**What the task asks**
Please copy out the entries below exactly, beginning with the line that contains "FREE community Eid" and ending with the line that contains "Learn how to", and include nothing outside that span.

**Supplied information**
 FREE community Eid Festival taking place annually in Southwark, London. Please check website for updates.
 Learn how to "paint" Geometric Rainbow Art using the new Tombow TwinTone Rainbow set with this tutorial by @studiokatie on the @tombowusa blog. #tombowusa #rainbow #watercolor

* * *

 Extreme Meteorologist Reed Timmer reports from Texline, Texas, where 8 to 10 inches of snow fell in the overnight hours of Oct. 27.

---

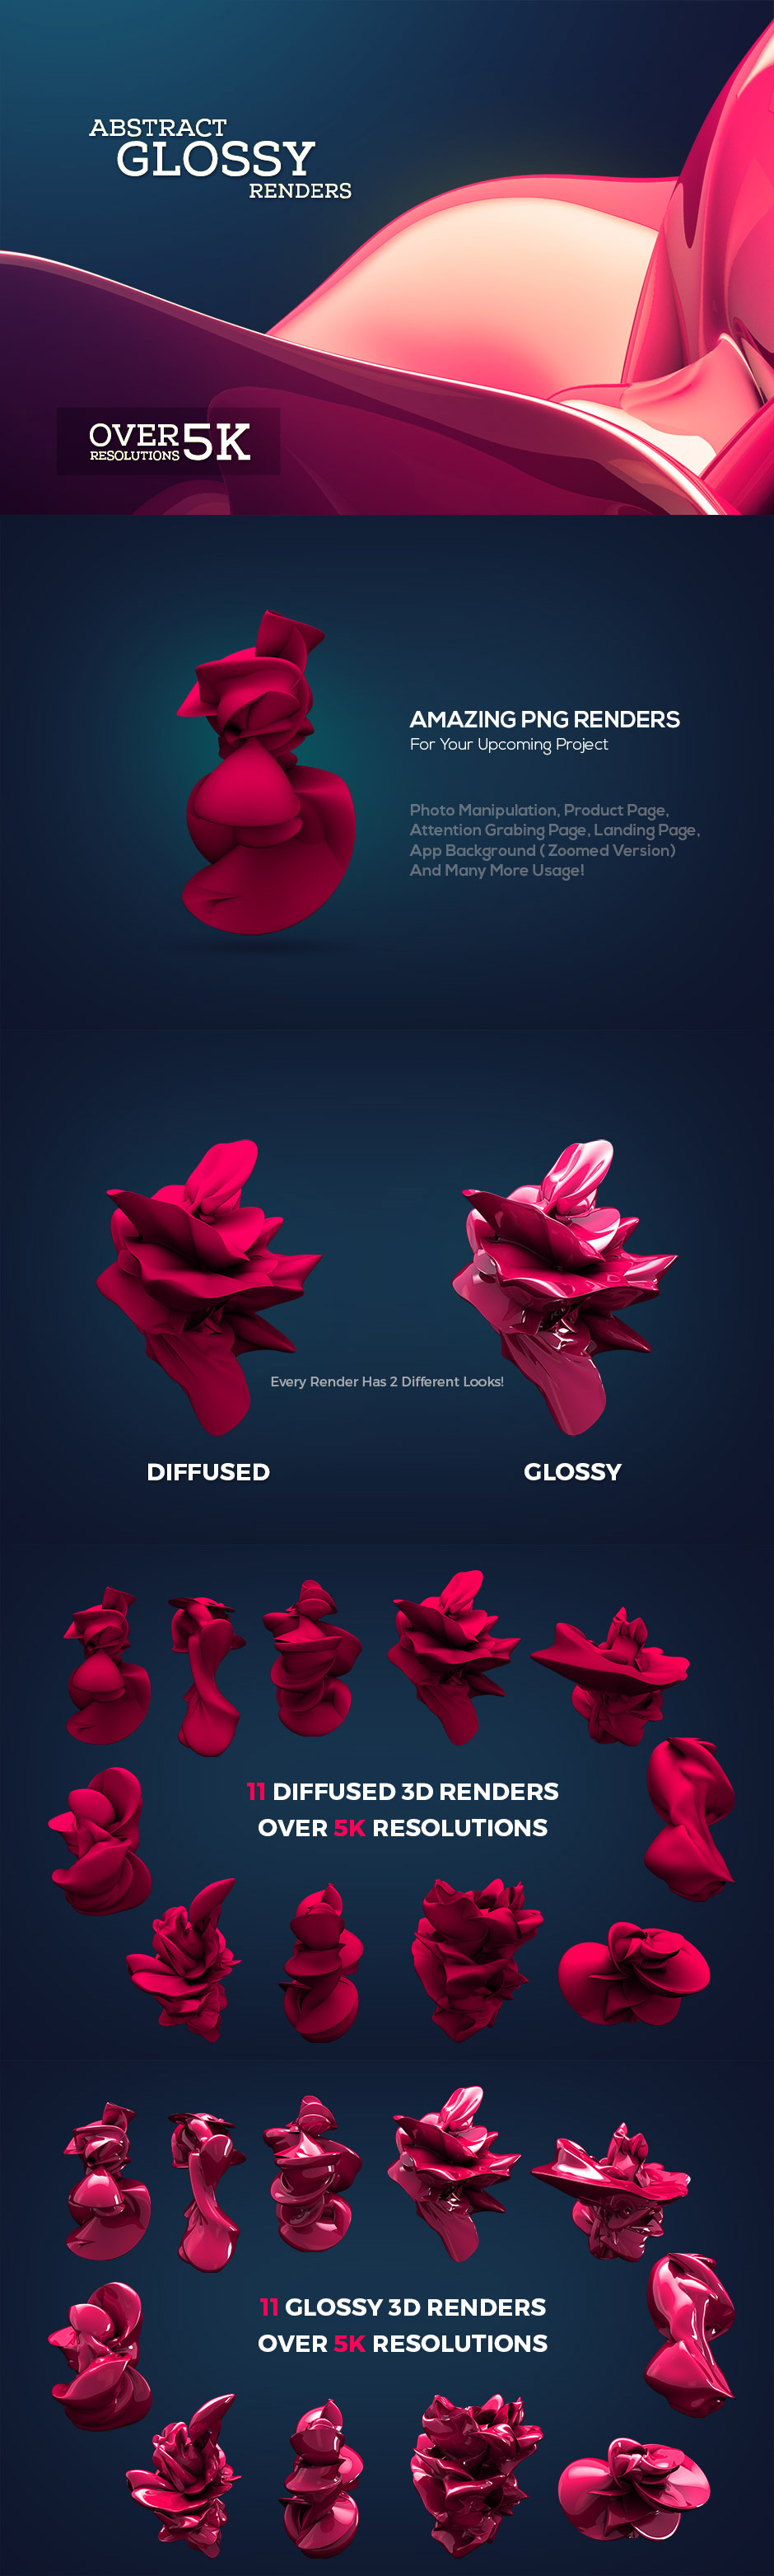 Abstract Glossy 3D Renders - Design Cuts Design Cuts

**Exercise solution**
 FREE community Eid Festival taking place annually in Southwark, London. Please check website for updates.
 Learn how to "paint" Geometric Rainbow Art using the new Tombow TwinTone Rainbow set with this tutorial by @studiokatie on the @tombowusa blog. #tombowusa #rainbow #watercolor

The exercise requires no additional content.